In 2004, PACNJ trained representatives from 2000 NJ schools. Nurses from these schools were surveyed on AAP use; 193 surveys were returned (response rate=9.7%). This survey was revised to obtain data more systematically; open-ended questions were changed to multiple-choice. More explicit choices on obstacles to PACNJ AAP use were provided.
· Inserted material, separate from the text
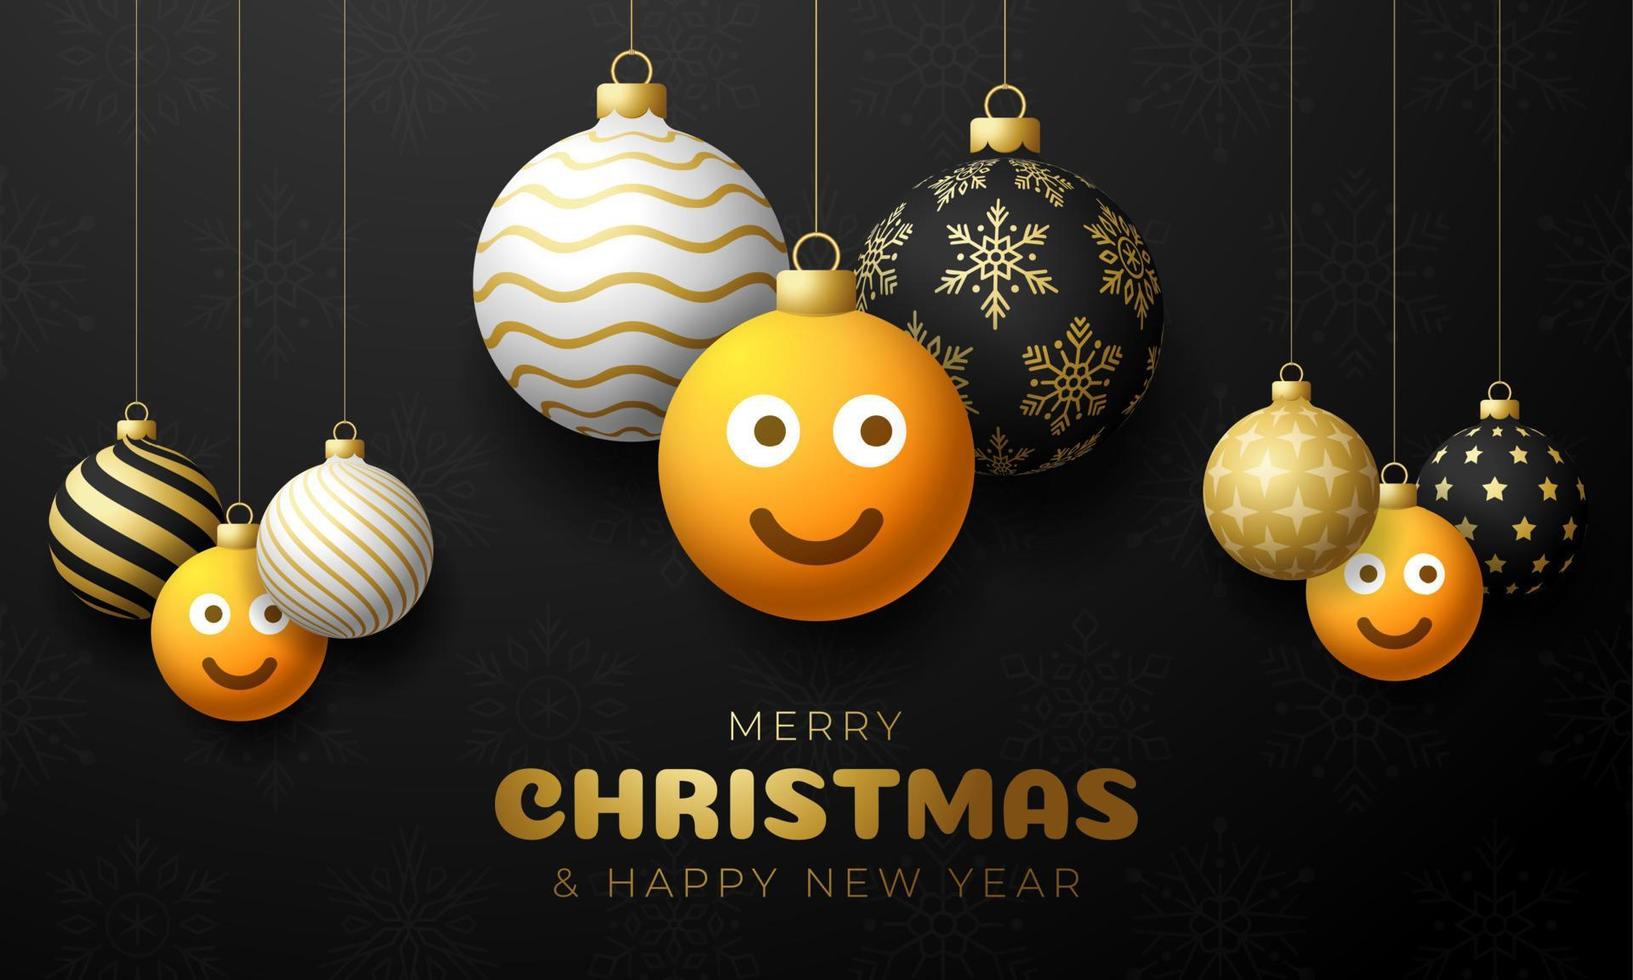 vrolijke kerstkaart met glimlach emoji gezicht. vectorillustratie in vlakke stijl met xmas belettering en emotie in kerstbal hangen aan draad op achtergrond vector

In 2005, the response rate improved to 19.3% (714/3700 schools).
79 schools responded in both 2004 and 2005; the percentage of school nurses who reported having PACNJ's AAP on file increased significantly from 2004 (69.6%) to 2005 (80.5%, p=0.043). These data are being further analyzed for other trends.
Among nurses who completed the 2005 survey, a significantly greater percentage with the PACNJ AAP on file (21.3%) reported a reduction in early dismissal among students with asthma, compared to the percentage not using the PACNJ AAP (13.4%) (Fisher's exact, p=0.005). Thus, using PACNJ's AAP in schools was effective, as measured by reduced early dismissal due to asthma symptoms.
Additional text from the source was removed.